TASK INSTRUCTIONS
Please repeat, exactly as they stand, the line containing "Staircase, Metal Railing, Metal" and the lines after it through the final line of the listing below, minus pictures.

SUPPLIED INFORMATION
===

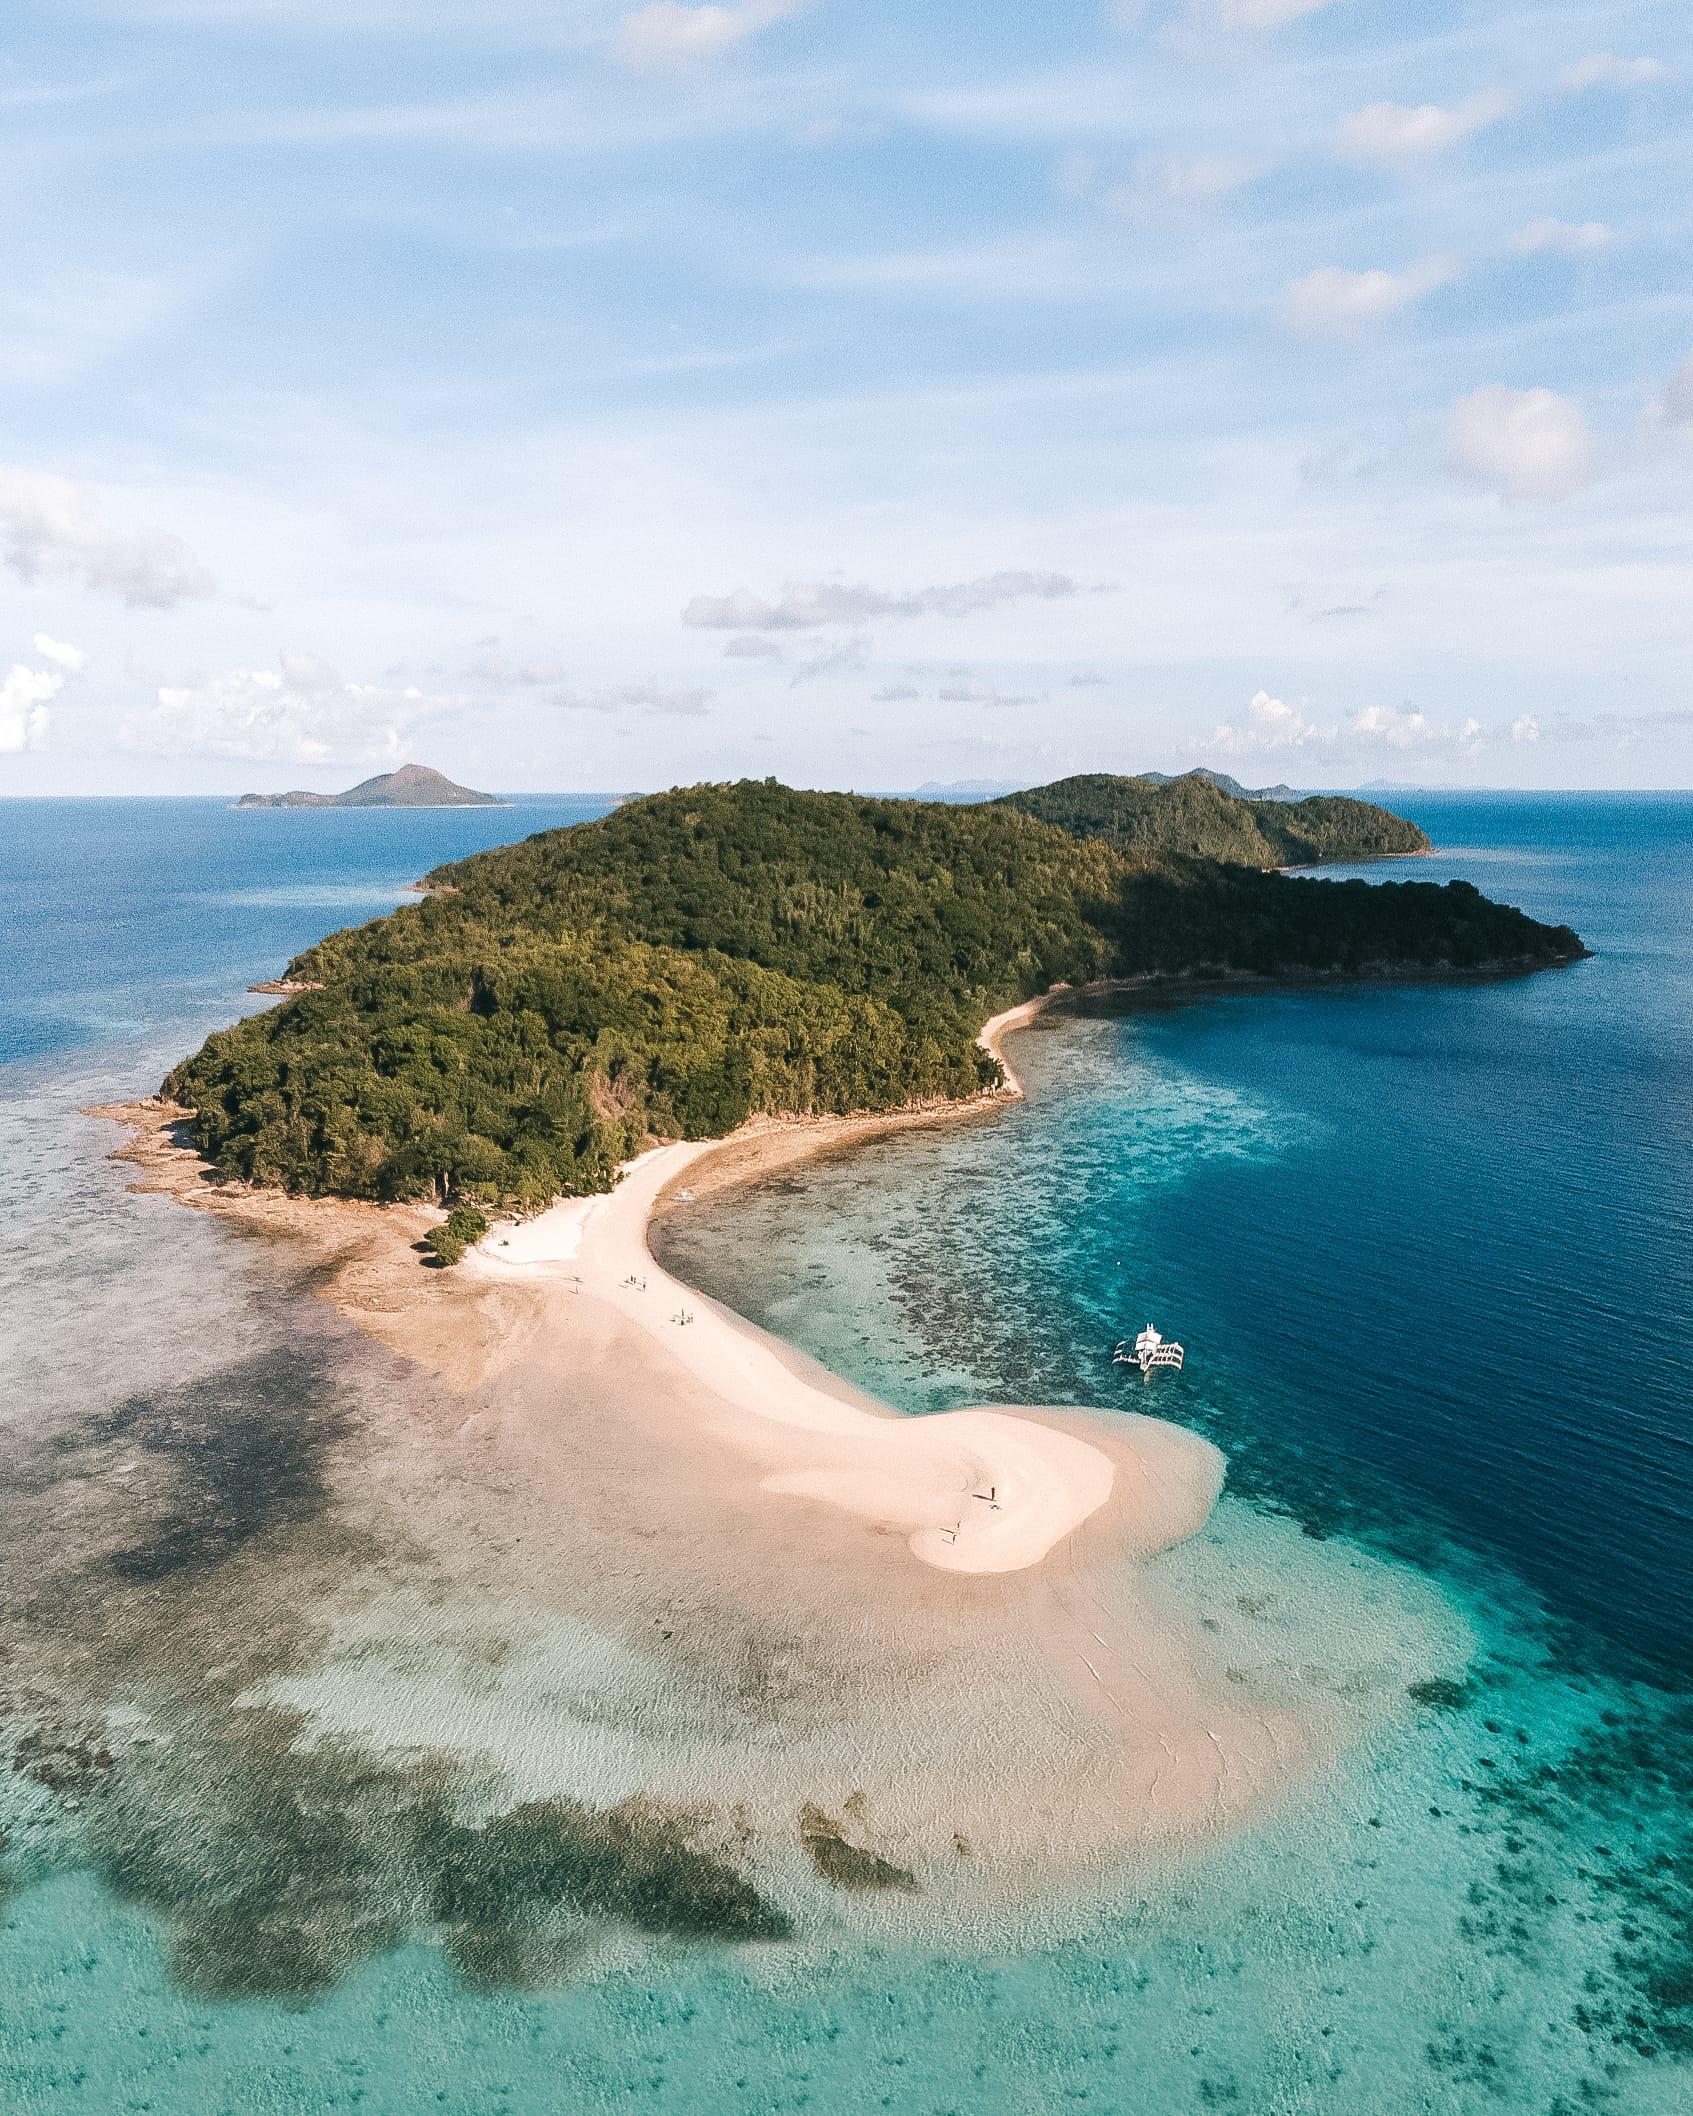 Palawan itinerary, Coron, Ditatayan Island, Coron tourist spots, Coron travel guide
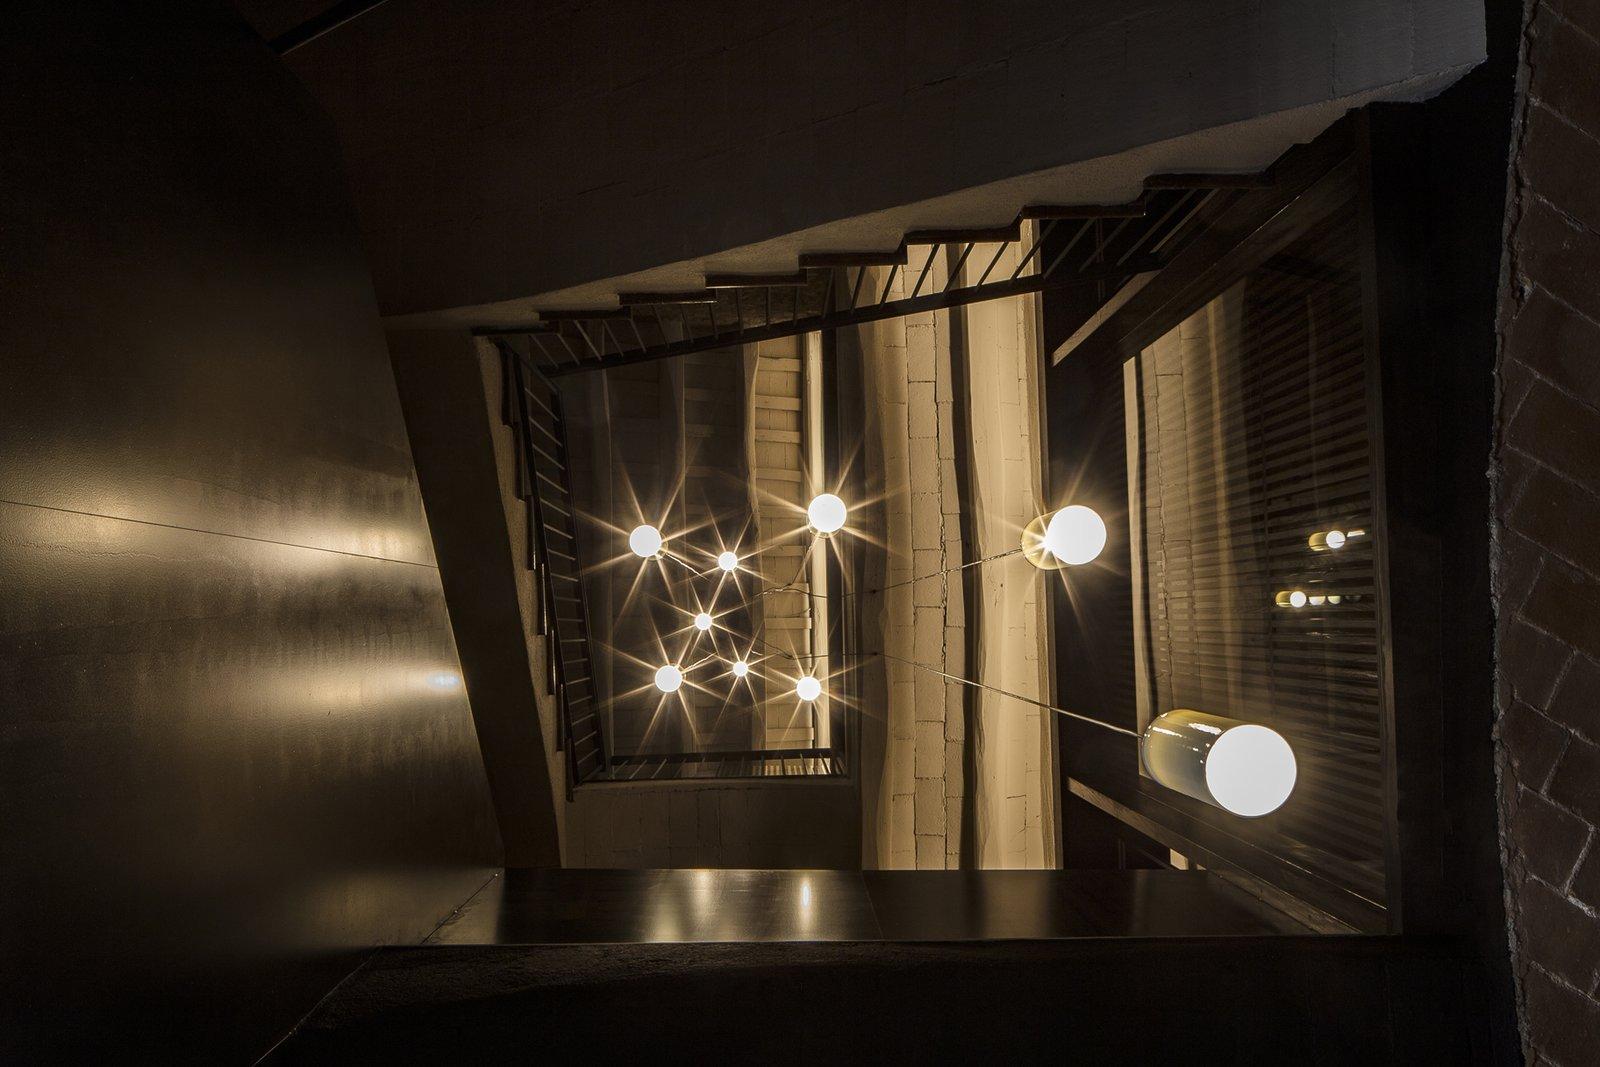 Staircase, Metal Railing, Metal Tread, and Wood Tread  Sant Martí House by Francesc Rifé Studio
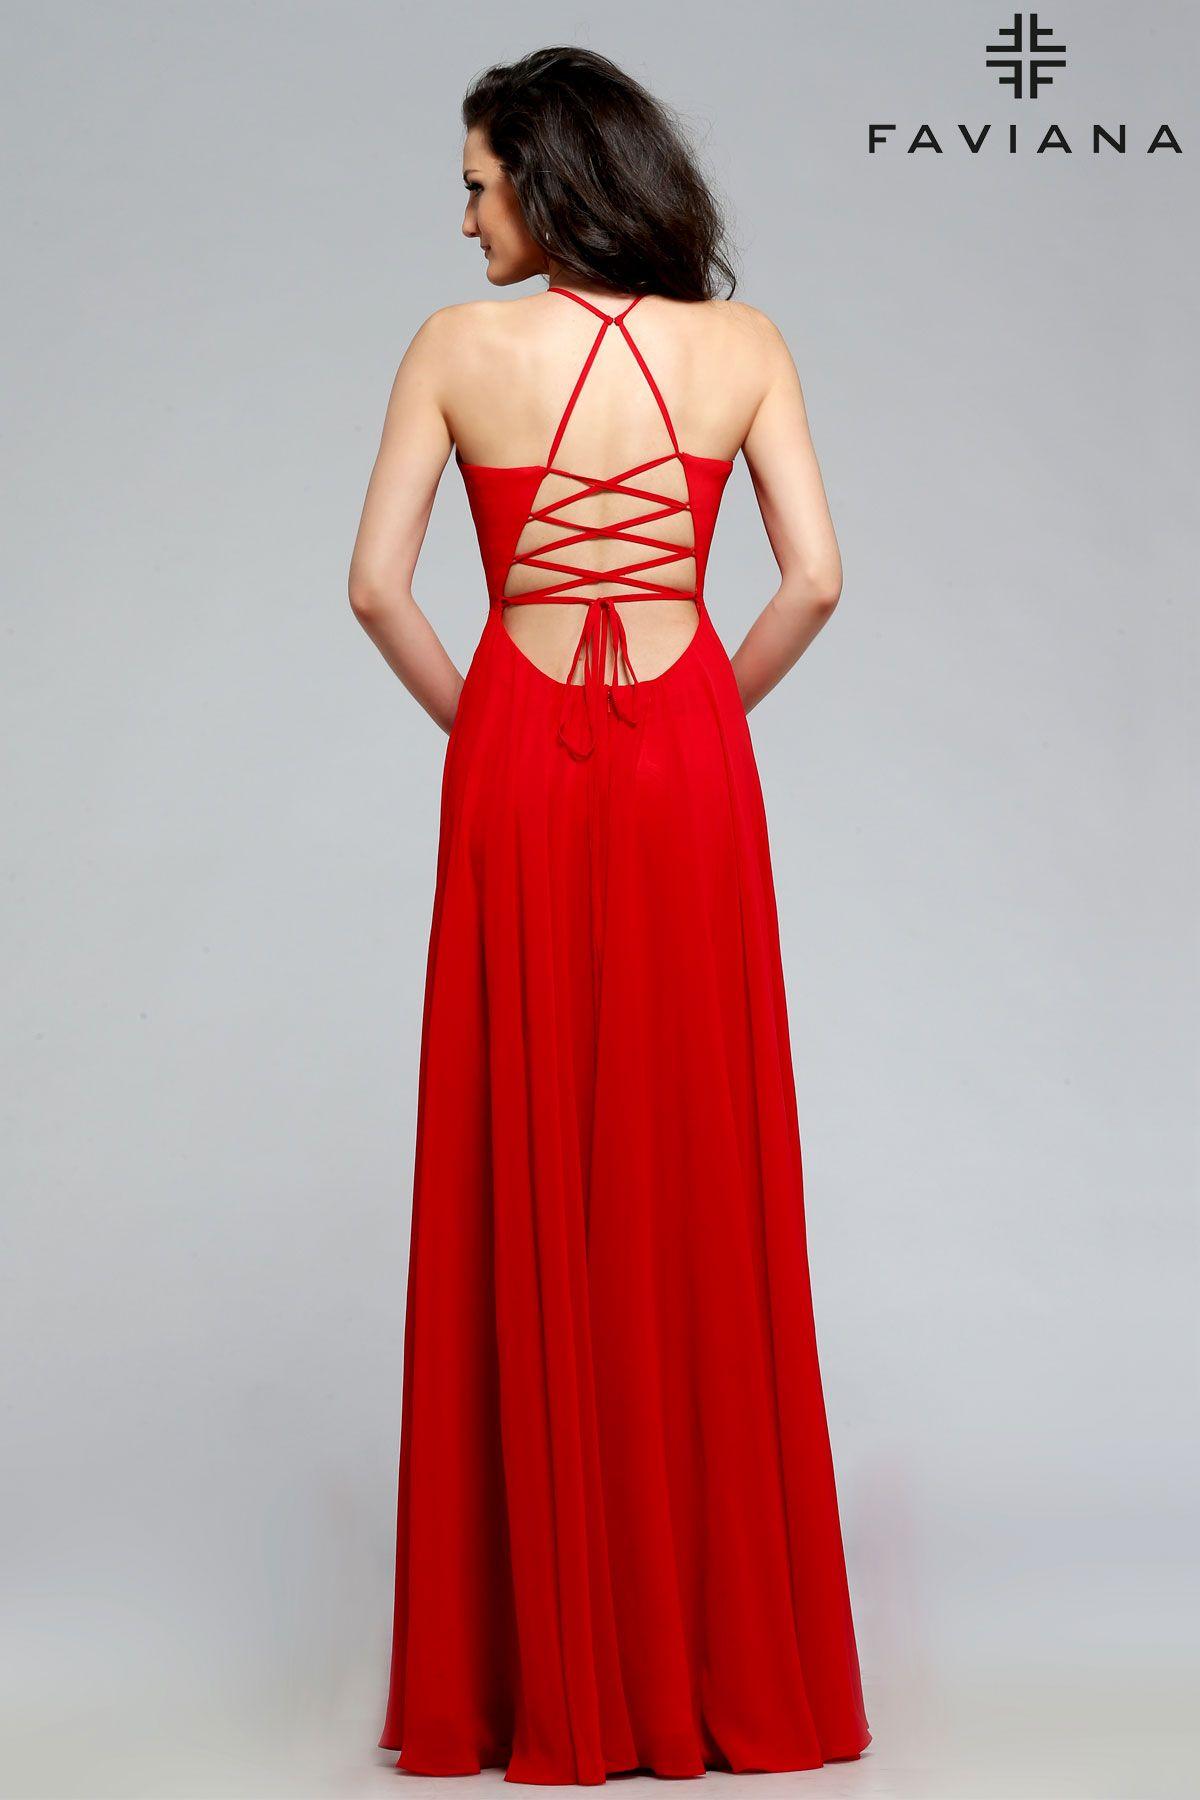 a7ef10db33e Chiffon v-neck with full skirt  Faviana Style 7747  PromDresses ...

===

RESULT
 Staircase, Metal Railing, Metal Tread, and Wood Tread  Sant Martí House by Francesc Rifé Studio
 a7ef10db33e Chiffon v-neck with full skirt  Faviana Style 7747  PromDresses ...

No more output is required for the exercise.